Polyamide nucleic acid-DNA chimera lacking the phosphate backbone are novel primers for polymerase reaction catalyzed by DNA polymerases.

A peptide nucleic acid (PNA) oligomer, an analogue of DNA, was examined for its ability to function as a primer or a template to support DNA synthesis catalyzed by DNA polymerases. The analogue, (PNA)19-TpG-OH, comprised of 19 bases in the form of PNA followed by a dinucleotide (TpG-OH) with a single phosphate and a free 3'OH terminus, was recognized as a bona fide primer by 2 reverse transcriptases and also by the Klenow fragment of E. coli DNA polymerase I. The 21-mer PNA chimera is extended on both RNA and DNA templates by all three polymerases. The specificity of binding of the PNA chimeric primer/DNA template at the template-primer binding site of the enzyme was shown by its photo-cross-linking ability to the enzyme which could be effectively competed out by another TP but not by template or primer alone. Furthermore, the chimeric TP-enzyme covalent complex was found to be catalytically active as judged by its ability to incorporate one nucleotide onto the 3'OH terminus of the immobilized primer.
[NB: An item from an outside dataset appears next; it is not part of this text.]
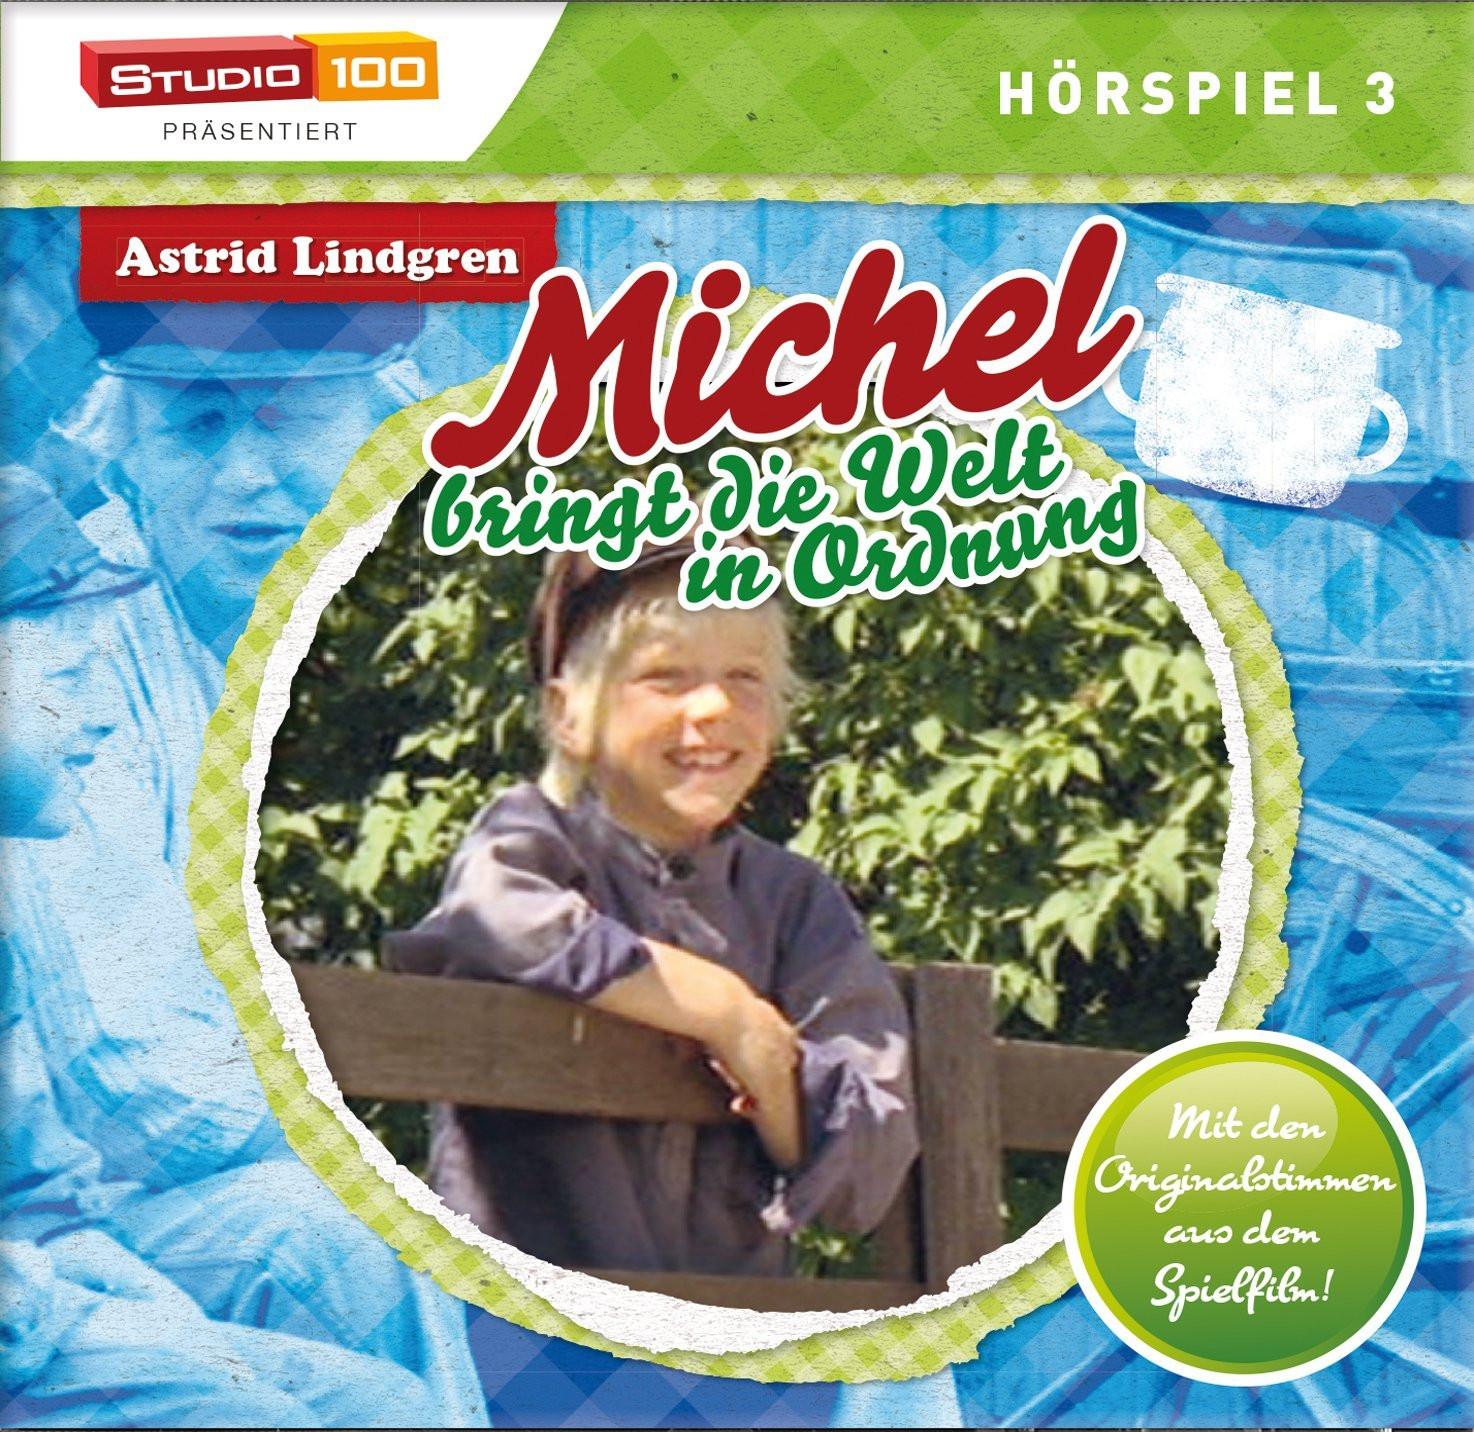 Michel Bringt die Welt in Ordnung - Hörspiel 3
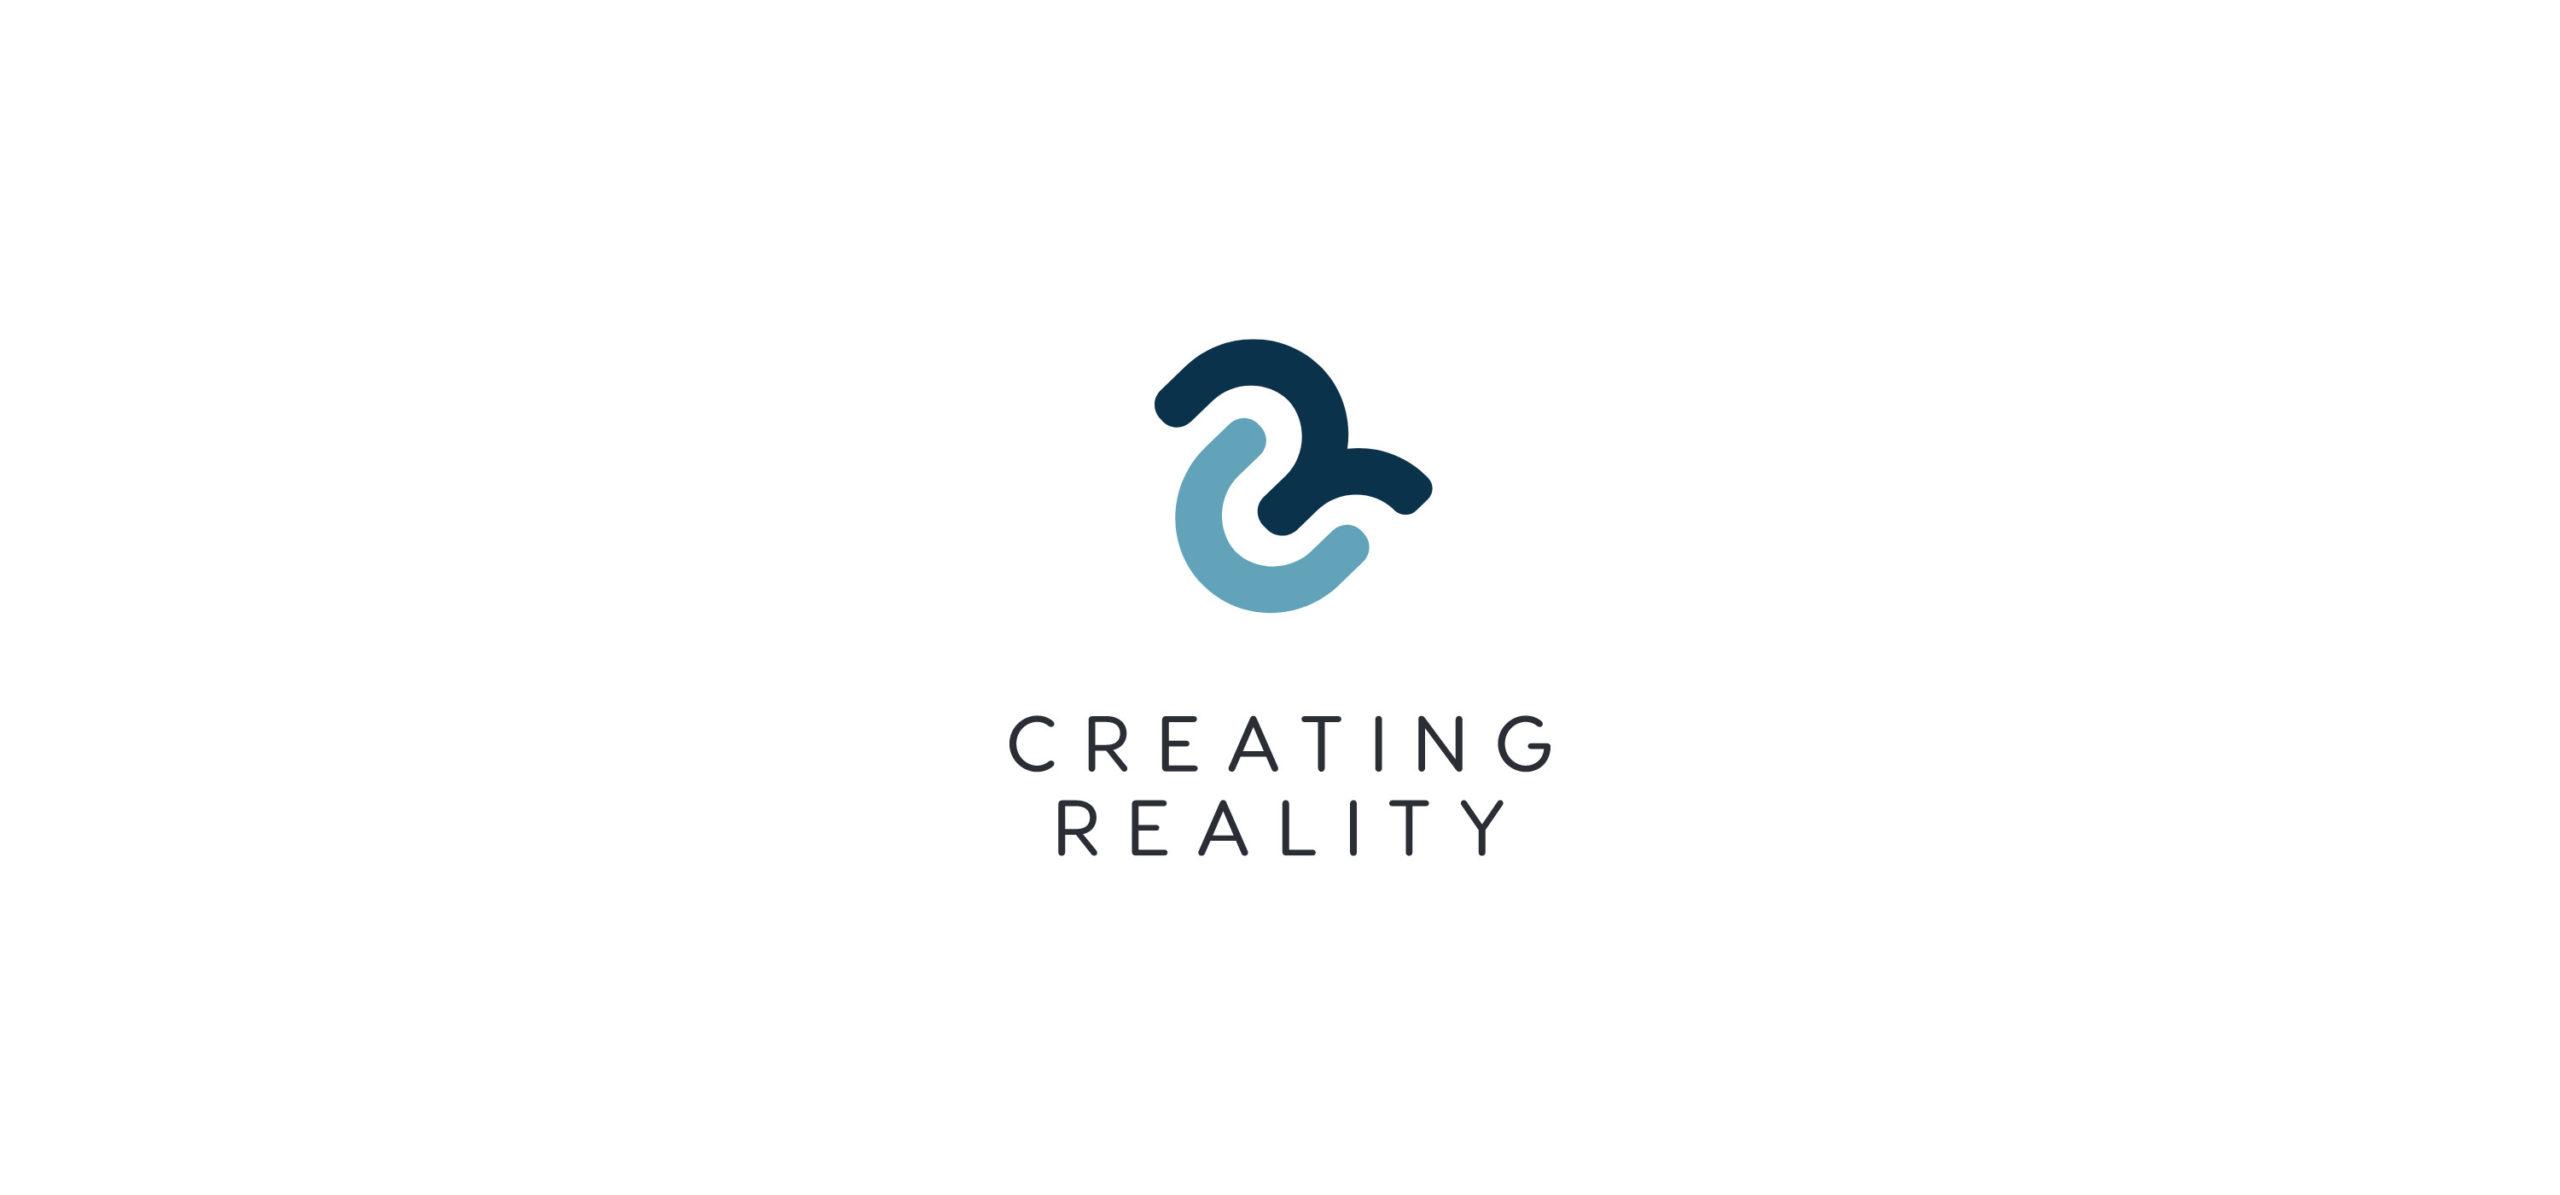 minneapolis-logo-design-branding-agency-finnandgray

PNA sequences were also recognized as template when annealed with a DNA primer. These observations are in variance with the conventional suggestion that the phosphate backbone in the duplex region is essential for recognition and binding by DNA polymerases. The efficient extension of (PNA)19-TpG-OH suggests that the diameter of the duplex region of template primer rather than the phosphate backbone may be sufficient for recognition by DNA polymerases.